VEDERE L’INVISIBILE. Icone russe dalla collezione Intesa Sanpaolo. | SEEING THE INVISIBLE. Russian icons from Intesa Sanpaolo’s collection.

a dialogue with VALERY KOSHLYAKOV. Celestial architectures

Courtesy Image by Gallerie d’Italia di Palazzo Leoni Montanari | VEDERE L’INVISIBILE. Icone russe dalla collezione Intesa Sanpaolo

From 03/07/2021 to 03/07/2022  
Palazzo Leoni Montanari – Contra’ Santa Corona 25, Vicenza (VI)
Entrance 5€
Reinforced Green Pass required

Recommanded to: Lovers of Russian icons; Fans of Russian art history; Those interested in exploring the dialogue between past and contemporary Russian art.

March 17, 2022

The new exhibition path rethinks the experience of Intesa Sanpaolo’s collection of Russian icons, placing it in dialogue with the works of contemporary artist Valery Koshlyakov. The project, curated by Silvia Burini and Giuseppe Barbieri, Directors of the Centre for Studies in Russian art (CSAR), of Ca’ Foscari University, Venice, opened on July 03, 2021, on the ground floor of Palazzo Leoni Montanari in Vicenza, and will end on July 03, 2022.

Courtesy Image by Gallerie d’Italia di Vicenza, Palazzo Leoni Montanari

Palazzo Leoni Montanari was started to be built in 1678 by Giovanni I Leoni Montanari, who decided to have a large residence built out of a need for social advancement within the city of Vicenza.
The palace’s Baroque architecture is a testament to the aspirations of this family and the new role they aspired to play. In fact, the Montanari family achieved a solid economic position, not through inheritance but by producing and trading textiles. The construction, held in two phases, was completed in the second decade of the eighteenth century. Still, unfortunately, there is no certain information about the builders’ identity. At the beginning of the twentieth century, the residence was then owned by Banca Cattolica del Veneto, which established its general management inside there. It survived the bombings of the Second World War unscathed and underwent a significant restoration in the second half of the 1970s. During the 1990s, after passing to Banco Ambrosiano del Veneto, Palazzo Leoni Montanari hosted numerous cultural initiatives.
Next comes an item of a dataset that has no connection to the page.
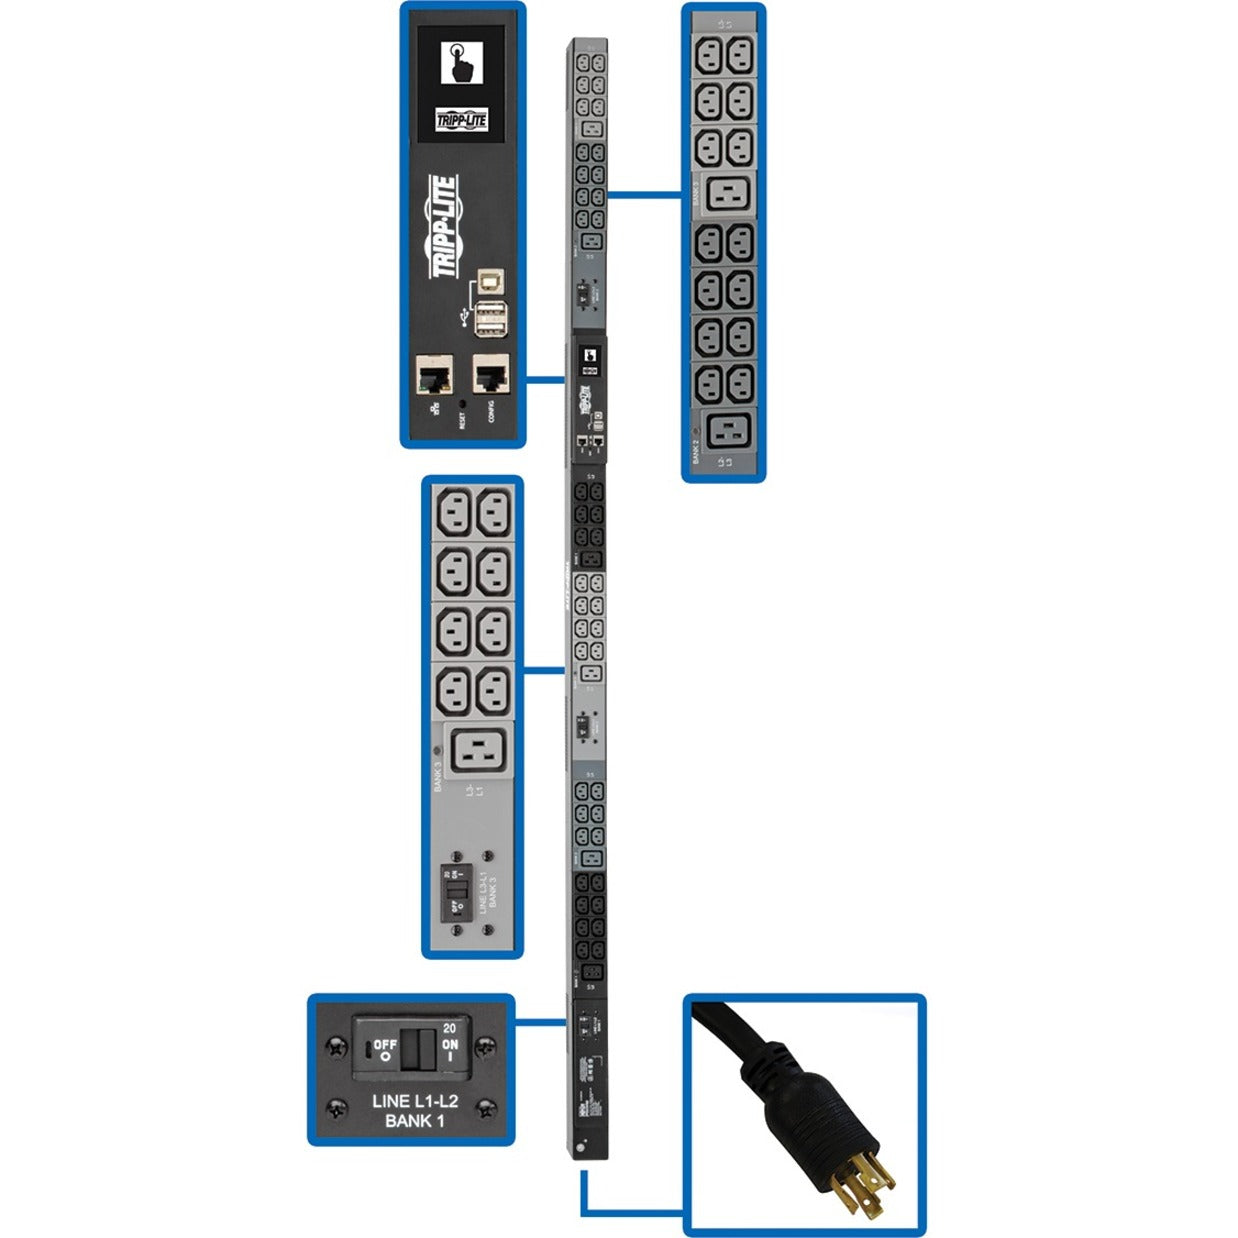 Tripp Lite PDU3EVN10l1530B 48-Outlet PDU, 10 kW Power Rating, Monitored, Three Phase

In 1999, after it became part of Intesa Sanpaolo, it underwent a new restoration and technological adaptation that allowed the opening of its galleries to display the cultural vocation of the palace.

SEEING THE INVISIBLE. Russian icons from Intesa Sanpaolo’s collection offers to the public a selection of seventy Russian icons from Intesa Sanpaolo’s collection in a renewed permanent exhibition. The works on display come from different places, different eras of production. Anonymous monks made them as a humble offering to God.
The innovative nature of the exhibition immediately welcomes visitors when they enter the first room. Here, a video is projected showing some of the features of the Orthodox rituals, giving a sense of the atmosphere of the environment in which the icons are displayed. By immersing the visitor in this projection, the intention is to begin the journey into Russian Orthodox spirituality with the understanding that the visitor is dealing with a completely different culture from their own. In this way, constructive and respectful dialogue can be opened between the millenary Russian civilisation presented and the Western gaze of the observer. In the second room, about thirty panels have been placed side by side to form a sort of iconostasis to better understand the primary function of the icon in the Russian tradition. In Russia, icons are acts of prayer and a liturgical instrument. It is a living sign in a dimension of devotion and contemplation. In the fourth and last room, together with didactic contents, some metal coverings (rize and basme) are exhibited, which had the task of protecting and embellishing the painted panels. The route ends with a multimedia touchscreen installation, curated by camerAnebbia, which provides essential information on the icon and its production phases, with a focus on menologues, icons of saints and feasts in the liturgical calendar.
This route is designed to help visitors discover the symbolic richness of Russian icons, which is different from the religious depictions they are used to.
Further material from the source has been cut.